One of my favourite things about being on campus in September is seeing new students, with their families in tow, moving into residence and wandering through the university’s buildings and open spaces with wonder, nervousness and hesitation. Today’s students and those who support them are understandably anxious about which school to attend and what to study when they get there.

Each season, the media reappraise the dollar value of the university degree and pronounce annually the death of the liberal arts. The so-called return on investment of business degrees ebbs and flows on the tide of the market, while the BSc seems to be either in high demand by traditional industries or not worth the paper it’s printed on in new technology sectors. In the meantime, the arts, humanities and social sciences have quietly gone about the business of evolving to reflect the times in which we’re living.

Overlooked in the rush to judge and the pressure to choose is the fact that the B.A. is changing. Sure, the traditional liberal arts degree is not exactly a thing of the past, but the B.A. has a new trajectory: It’s fast becoming more practical and more cross-disciplinary.

Studying history hasn’t been about memorizing dates and key events since, well, whenever the last cabinet shuffle happened, but rather finding ways in which the past applies to current events. Philosophy’s not just about answering hard-to-answer questions, but about cultivating invaluable skills for anyone who aspires to think, talk, or write for a living.
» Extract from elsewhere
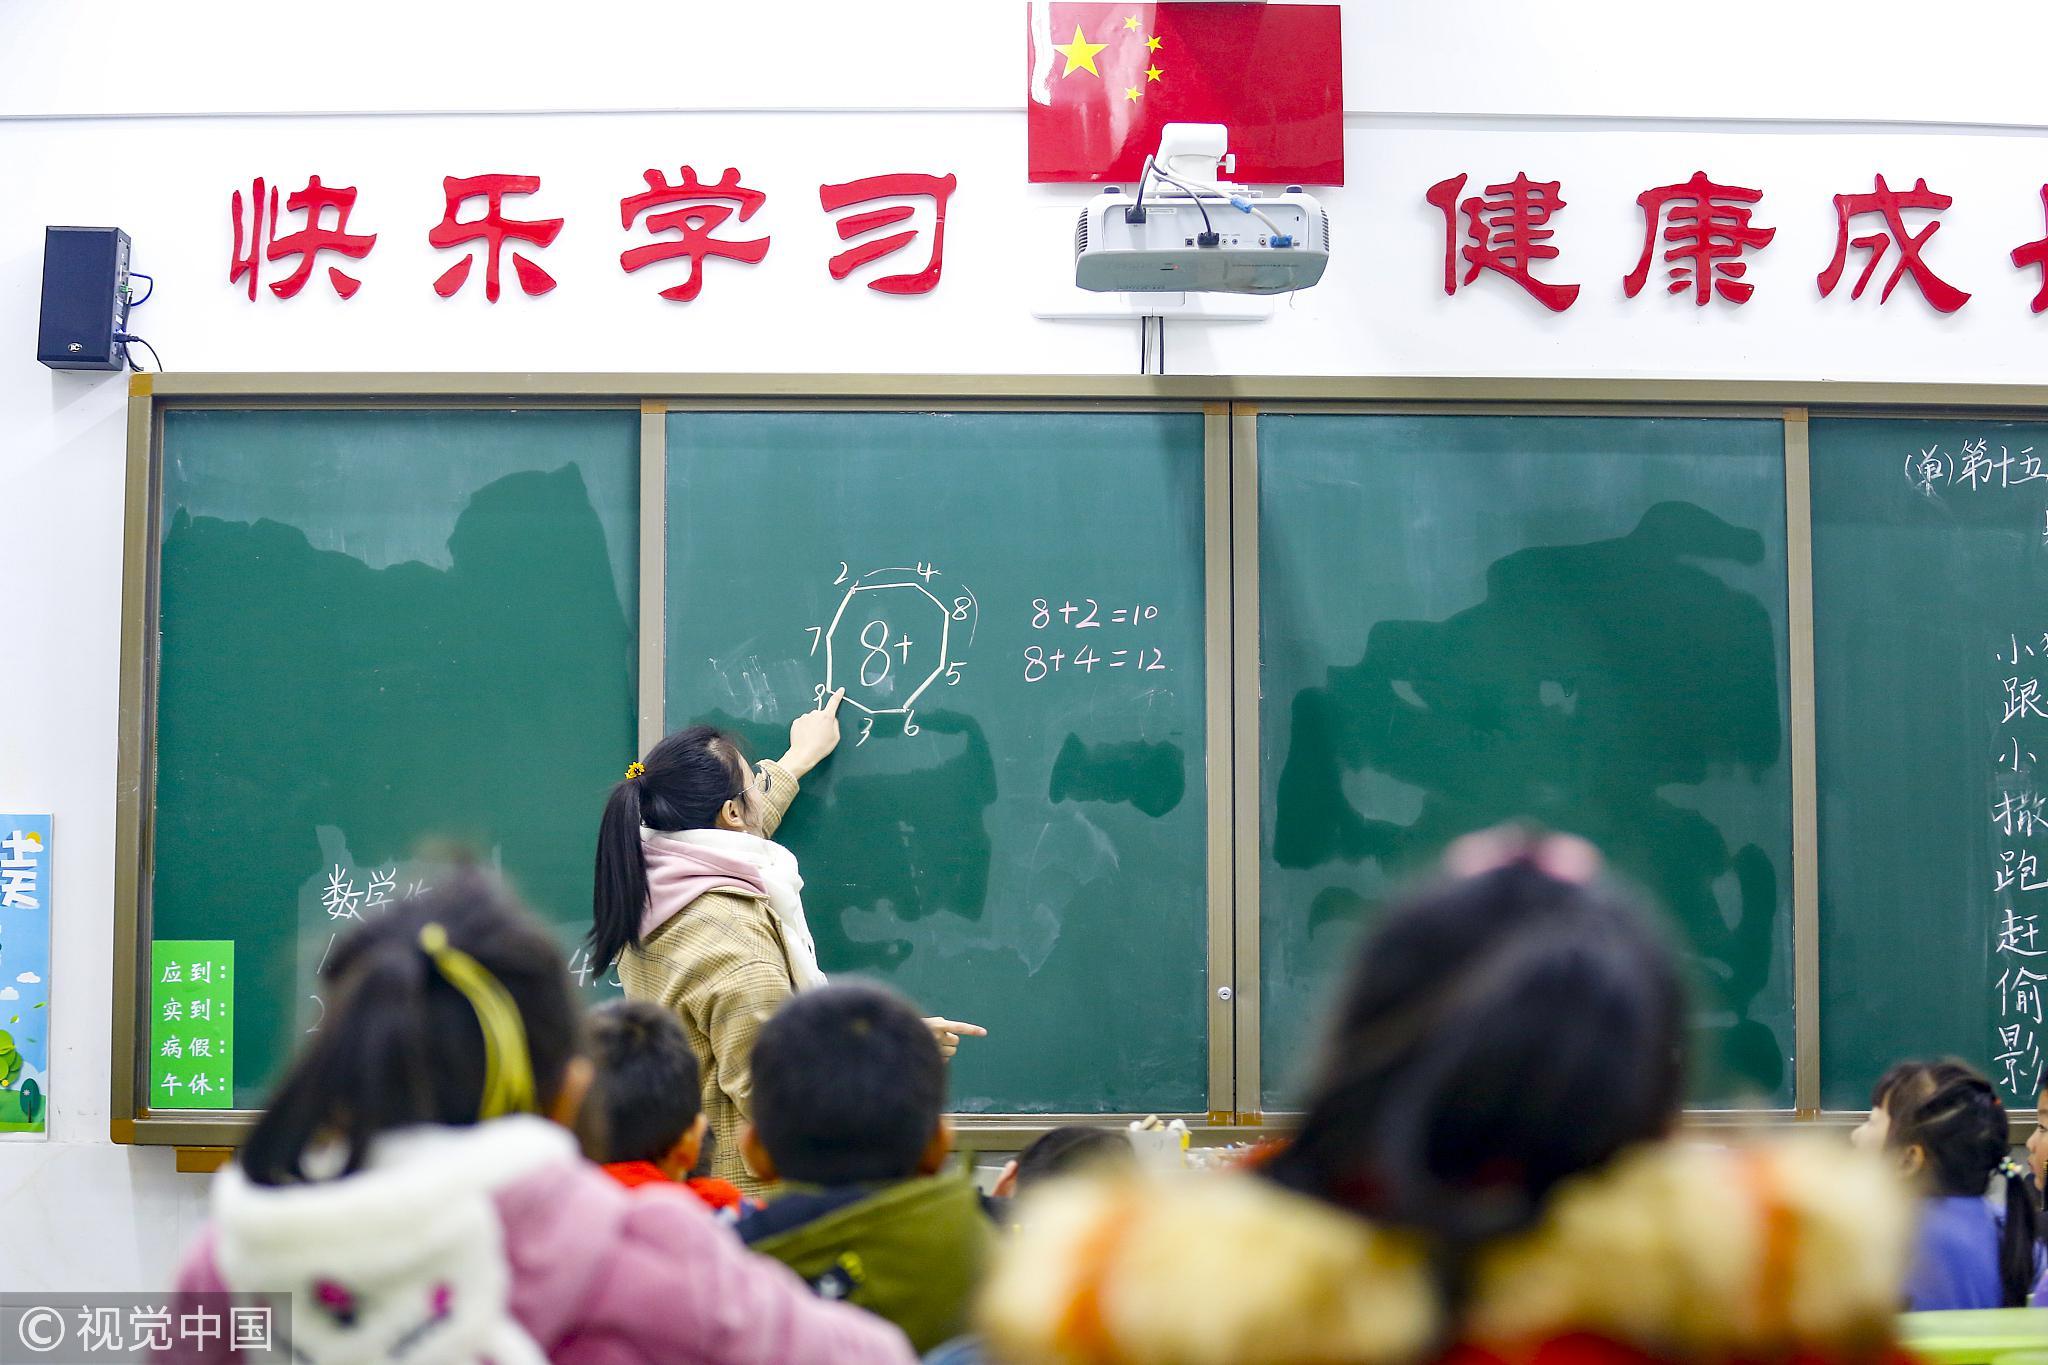 江苏出台明确意见:中小学教师工资水平不低于当地公务员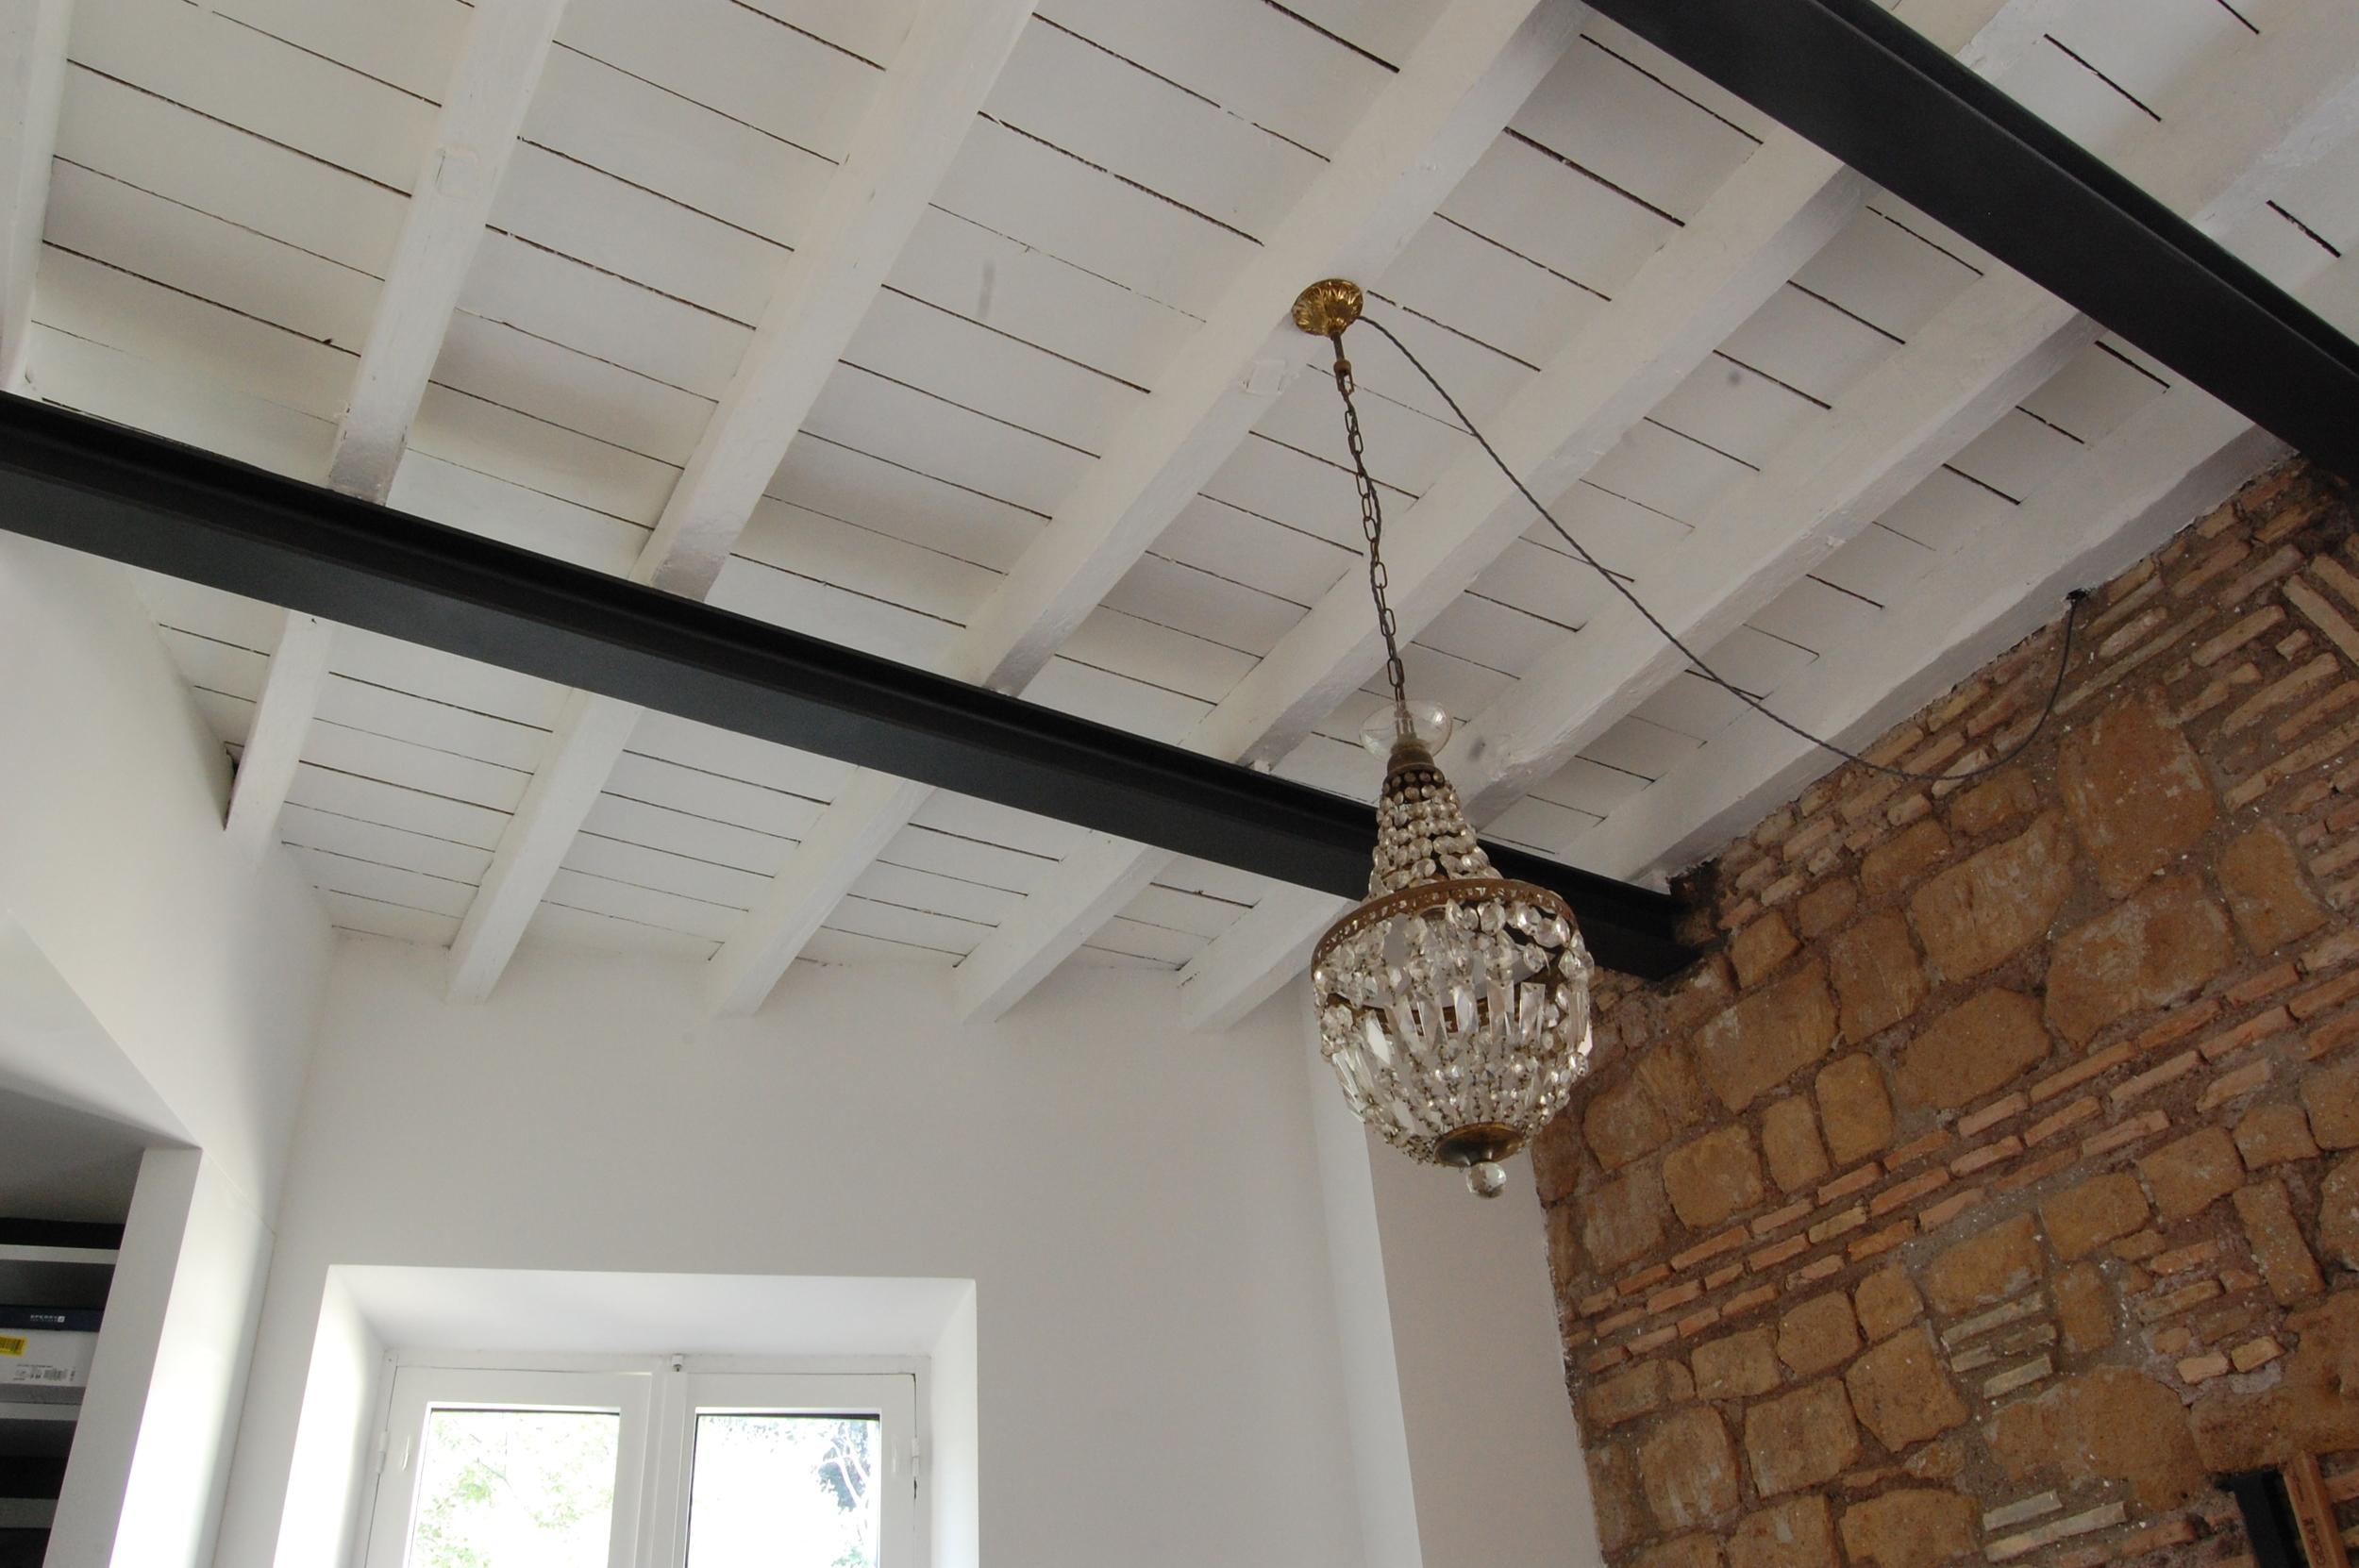 Muratura in vista, travi in ferro e soffitto in legno verniciato bianco. Ambientazione calda e tonalità decise caratterizzano tutta la casa, anche la camera da letto.

But those are the degrees that get all the attention and that everyone knows. Undergraduates today can major or minor in Digital Humanities, Aboriginal Studies, World Islamic and Middle Eastern Studies, Sexual and Racial Diversities Studies, Educational Psychology and Communication Studies, World Languages and Religions, International Development and Globalization Studies, the Social and Cultural aspects of Health Pandemics, or Human Rights, Child and Disabilities Studies.

Dozens of universities across Canada now have institutes and programs devoted to interdisciplinary studies in which students can design their own degrees by combining a variety of courses with independent, innovative research and transformative experiential learning experiences. Students increasingly have the opportunity to bring into focus multiple disciplines and to juxtapose viewpoints and theoretical perspectives that once seemed disparate, unrelated, or were simply overlooked. Through these experiences, they explore interconnections and new ways of thinking about and tackling the complex identities, issues and problems facing the world today.

The modern B.A. gives students perspective at a time when it’s so crucial to maintain it. A university education is not the means to an end it once was, when a general degree was all a graduate needed to get his or her foot in the door, and it’s why the B.A. is adapting to serve a new role in preparing graduates for the future. The modern B.A. prepared graduates for a marketplace that changes by the day, and for jobs that don’t exist today but will in 20 years.

Today’s B.A. is producing graduates who are well-rounded, creative, critical thinkers, graduates who can write persuasively, who can formulate arguments and defend their ideas in conversation, graduates who are socially engaged, socially responsible, and well equipped to navigate a rapidly changing, interconnected world. These are the job-ready skills that every graduate needs and the modern B.A. provides.

The generational gap between university students and their parents, the one so often exploited by the media, government and industry, rests on outdated preconceptions about the starving artist, the wealthy lawyer, and every-science-student-as-pre-med, as well as misguided assumptions about the role of a university education. The slow post-2008 economic recovery has mistakenly overlooked a fundamental and important transformation of the B.A., happening at a time when the humanities and social sciences are more essential than ever in preparing graduates for the future.

Antonia Maioni is President of the Federation for the Humanities and Social Sciences.